Irreversible, approval, scope-expanding, permission-changing, public, or durable behavior actions route to Sami. A classifier, dashboard, auditor, coordinator, or model consensus cannot waive human approval.

This screen authorizes

Audit relay only

  • Claude may audit the Iteration 3 local static dashboard implementation.
  • Claude may read the listed evidence files.
  • Claude may report blockers, nits, missing controls, rendered-QA result, and result state.
  • Codex stops after the builder report and waits for audit.

This screen does not authorize

No durable consequence

  • No commit, push, branch, PR, merge, preservation, or release.
  • No public claim, launch, protocol edit, kit edit, trust-layer work, credentials, global config, memory creation, skill creation, automation, or subagents.
  • No scratch cleanup or duplicate-noise cleanup.
  • No approval without exact named consequence.
Standard pattern mapping

These are routing metaphors and evidence inputs, not implemented subsystems.

Standard patternHarness useBoundary
Reviewer gatesClaude audits Codex output and may upgrade route risk.Auditor pass is evidence, not approval.
Policy checksAllowed files, no-touch lists, stale/as-of state, verification commands.Checks can block or inform; they do not approve.
Risk tiersRoutine manual relay is low attention; irreversible/public/config work is high attention.Higher attention routes to Sami; tier labels do not authorize action.
CODEOWNERS / branch protectionHuman owns consequences; auditor owns critique; builder owns scoped implementation.Role ownership is not approval unless the role is the human approver.
CI/status checksDiff hygiene, static searches, browser QA, and changed-file lists.Passing checks are evidence inputs, not approval.
Escalation on ambiguityUNCLEAR routes to Coordinator unless a human-required trigger is primary.Ambiguity is not permission to proceed.
Human-in-the-loop reviewHuman decision actions use exact text.Drafted text is not approval.
Burden baseline and deferred work

No burden-reduction claim is made by this implementation. This captures a baseline so later cockpit work can be measured instead of asserted.

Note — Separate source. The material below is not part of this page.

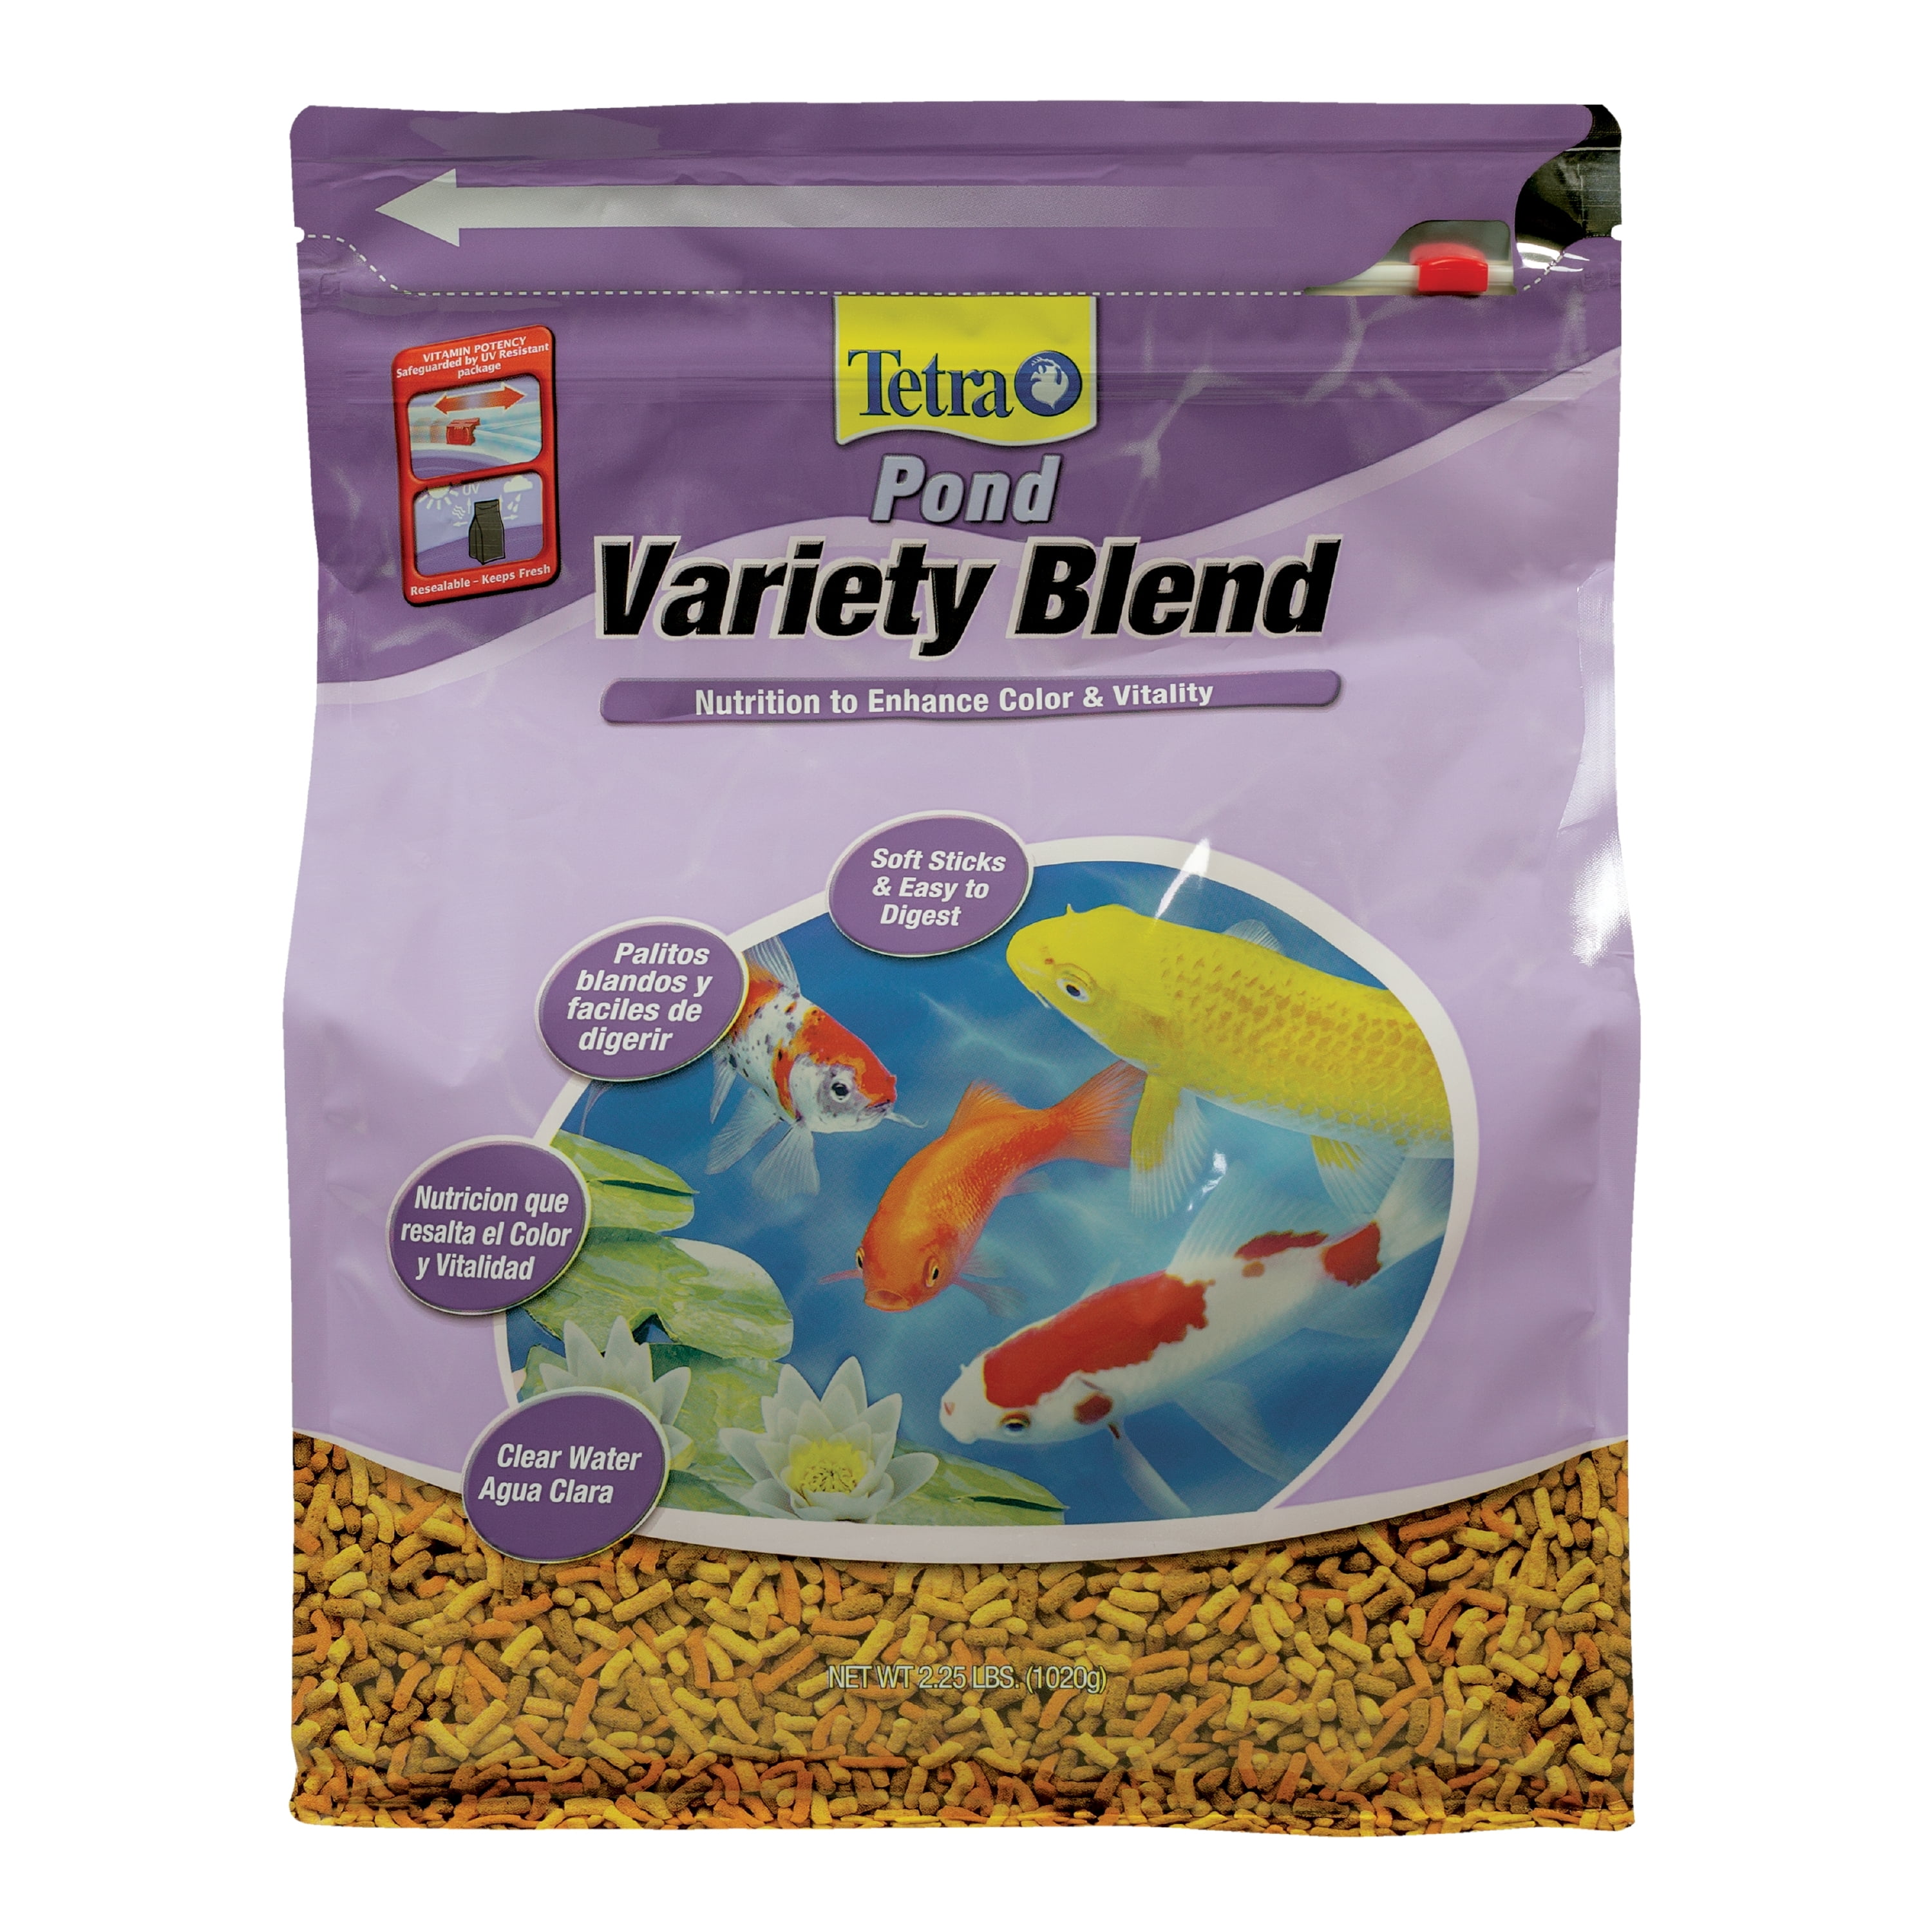 TETRA Pond GoldFish Mix 1L mélange alimentaire idéalement

MetricBaseline captureClaim status
Manual routing prompts / exact authorizationsMultiple exact Sami authorization prompts were required across Stage A packet preservation, Stage A execution, Stage A result preservation, Stage B proposal/result preservation, routing scope-lock preservation, implementation packet preservation, Iteration 1 implementation, Iteration 2 authorization, and Iteration 3 convergence. Exact count should be audited before use as a metric.Baseline only; no reduction claim.
Ambiguous handoff momentsThe routing scope-lock, implementation packet, and Iteration 3 convergence pass exist because the Stage A/B to preservation arc exposed repeated actor-routing friction and audit-trust friction. Exact count is unknown from repo-visible evidence alone.Unknown fields cannot support a reduction claim.
Handoffs by actor classCodex builder, Claude auditor, GPT coordinator synthesis, and Sami approval all appeared in the arc. Exact copy/paste count remains unknown without manual transcript counting.Baseline only.

Deferred

  • No automatic handoff; this is still manual relay.
  • No dashboard runtime, live routing engine, notification, or wakeup layer.
  • No automation, scheduled checks, subagents, memory, or skills.
  • No trust-layer implementation, public-proof run, release, kit cleanup, Stage B retry, or duplicate-noise cleanup.